Problem to work on: Copy each line of the listing below exactly and drop the images.

Given material:
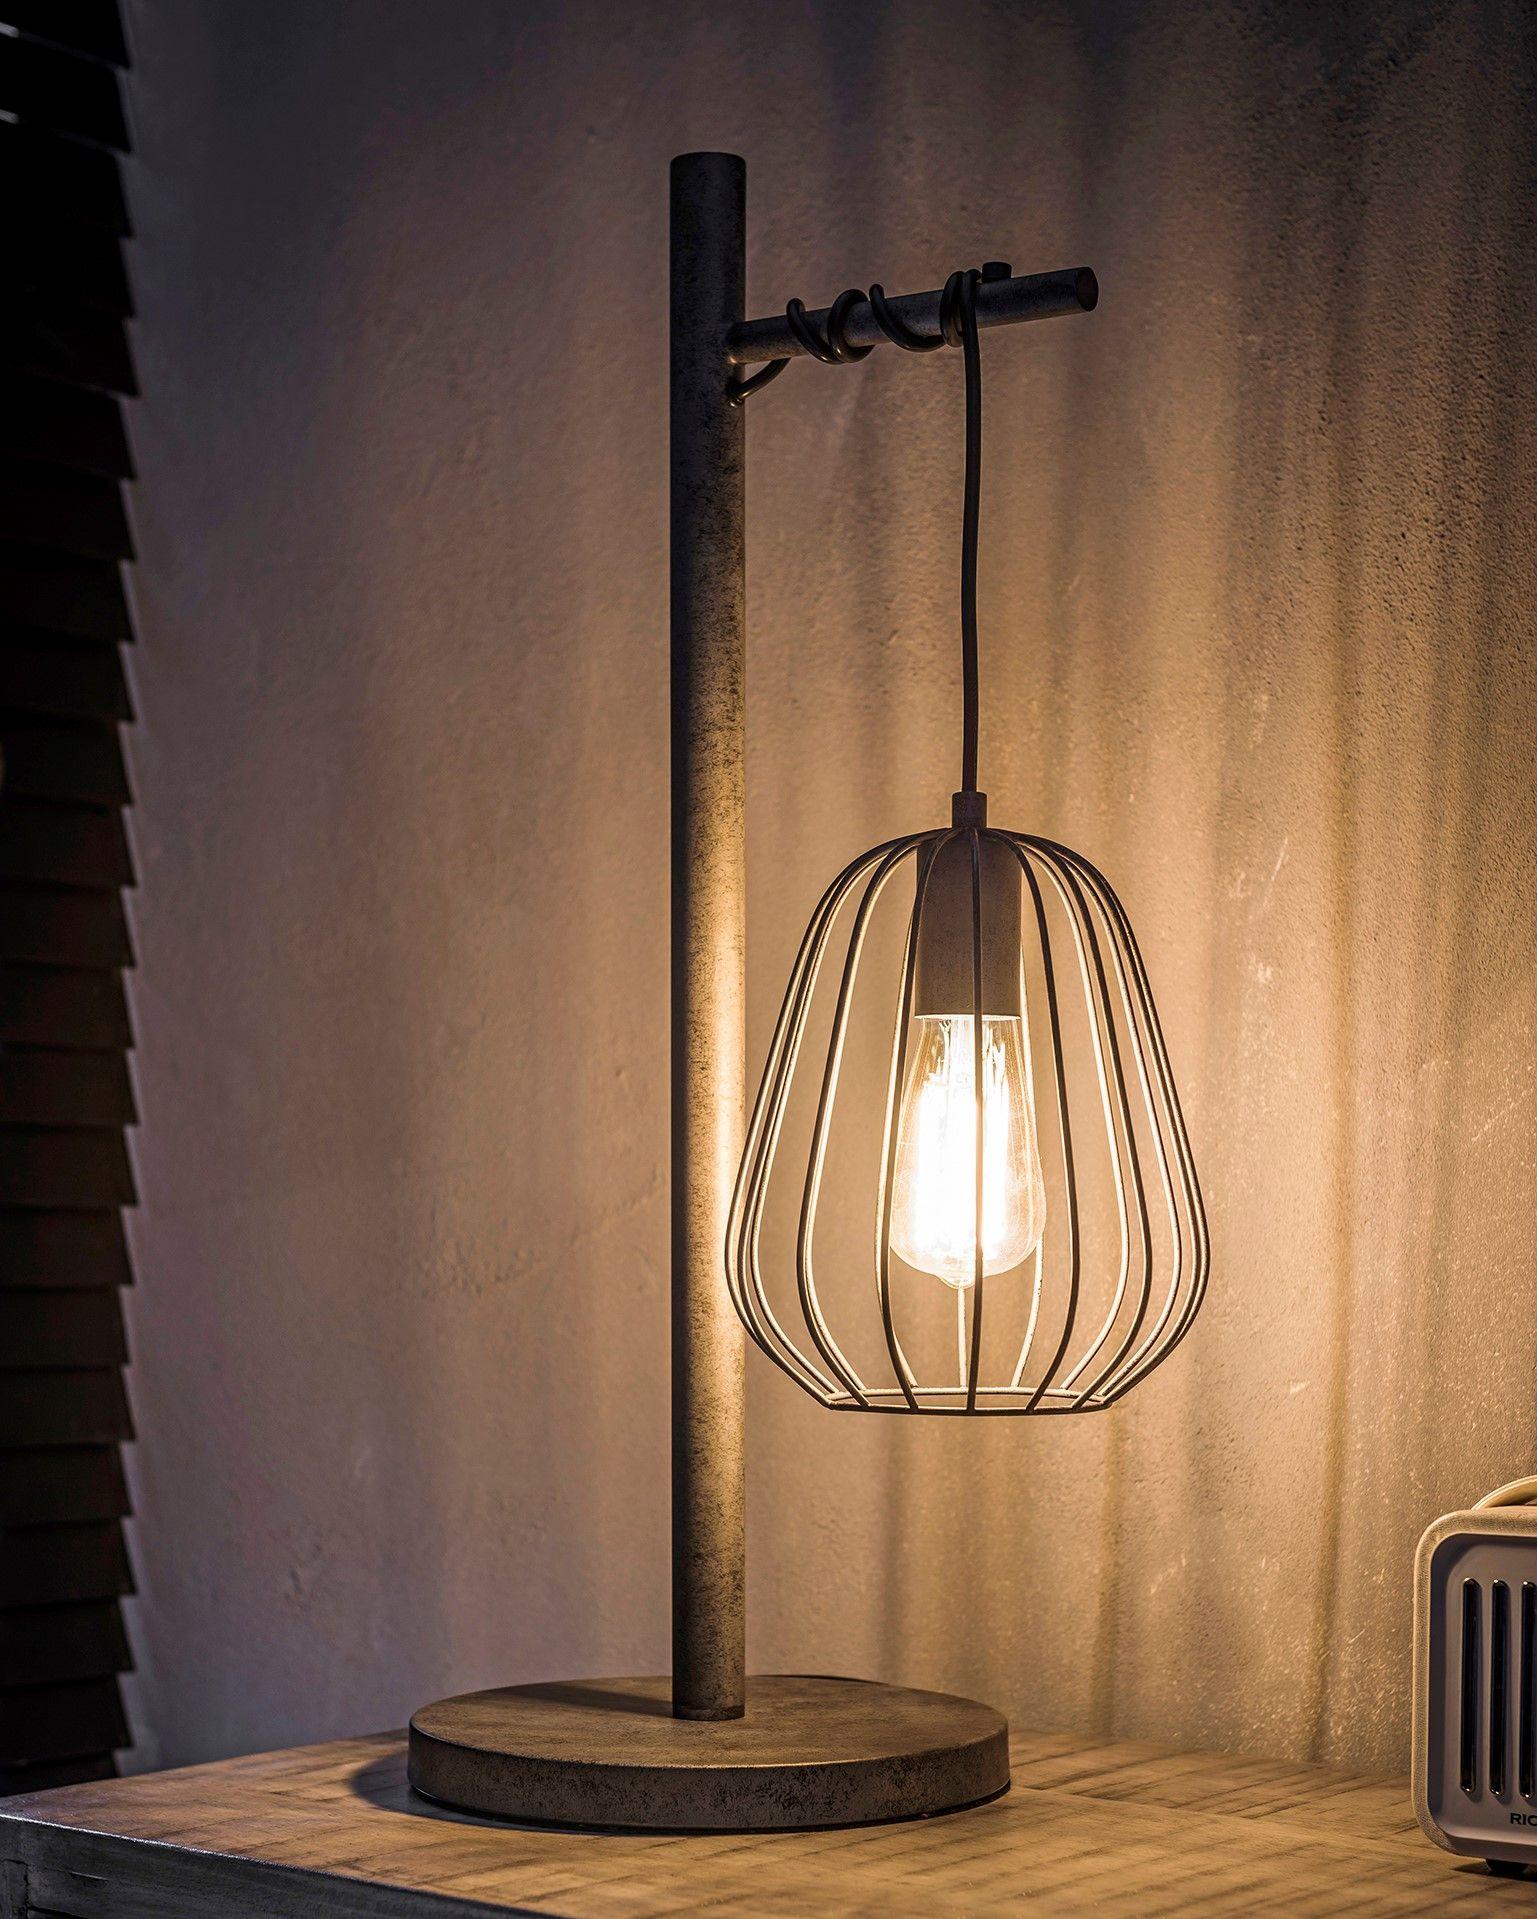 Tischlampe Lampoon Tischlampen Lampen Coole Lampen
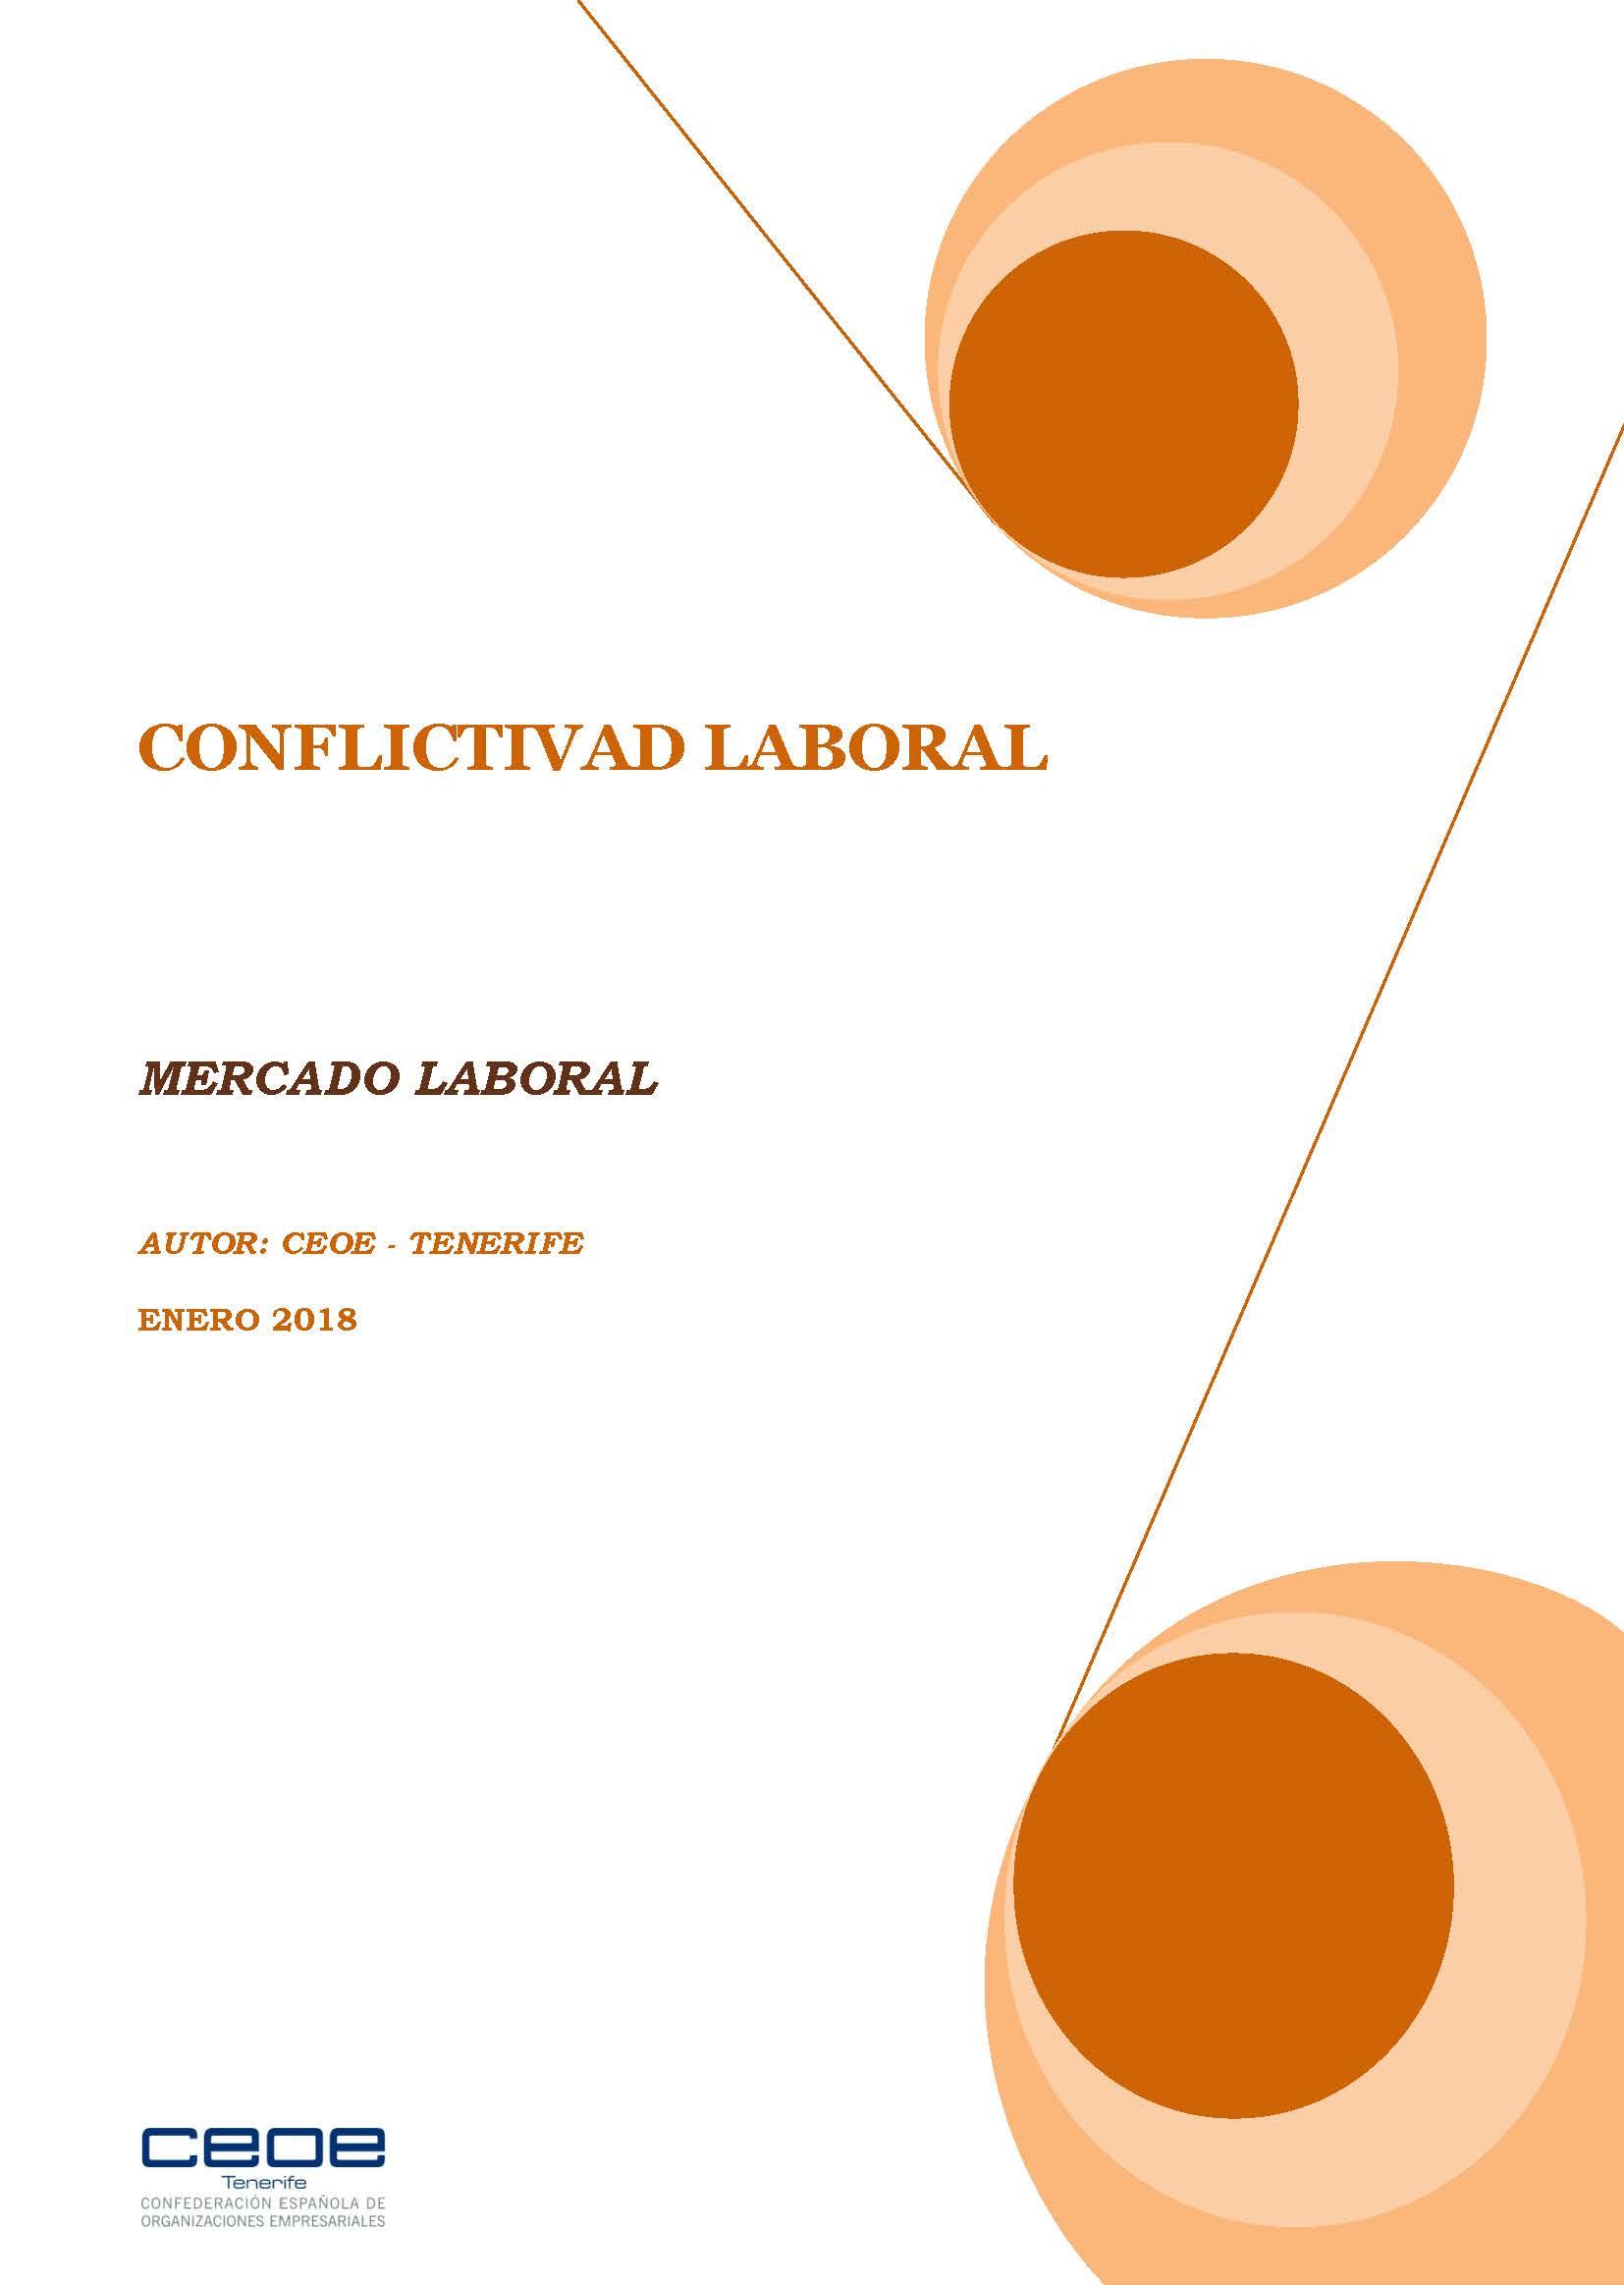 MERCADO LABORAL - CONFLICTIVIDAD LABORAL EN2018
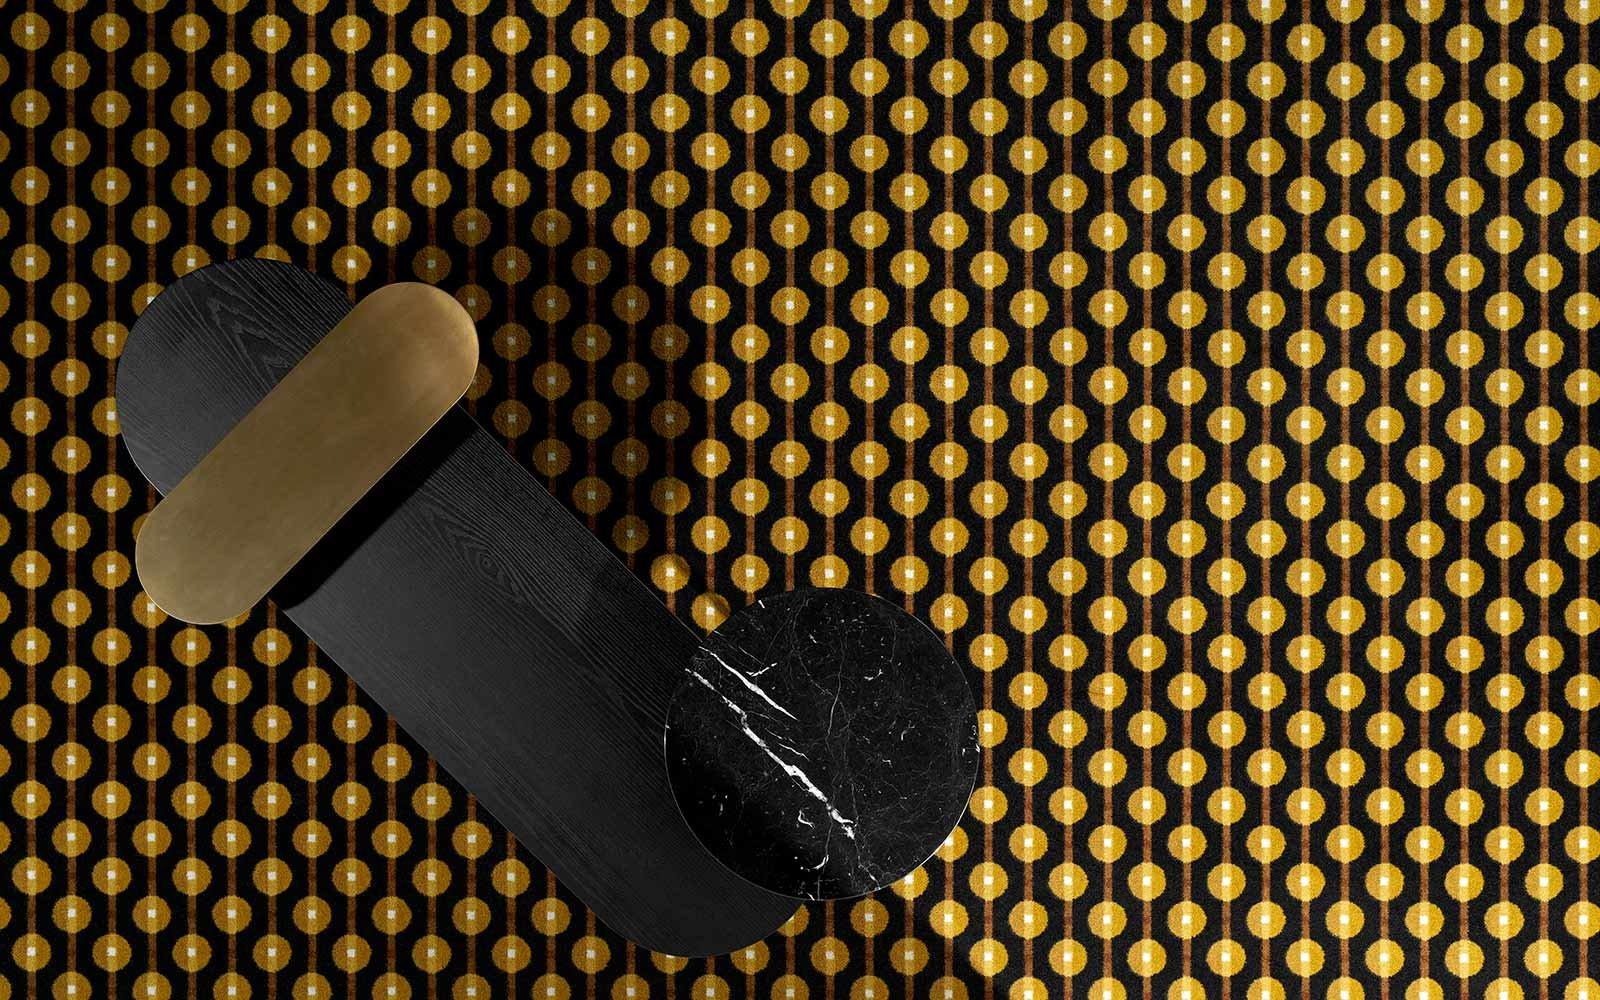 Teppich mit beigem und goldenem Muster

Solution:
 Tischlampe Lampoon Tischlampen Lampen Coole Lampen
 MERCADO LABORAL - CONFLICTIVIDAD LABORAL EN2018
 Teppich mit beigem und goldenem Muster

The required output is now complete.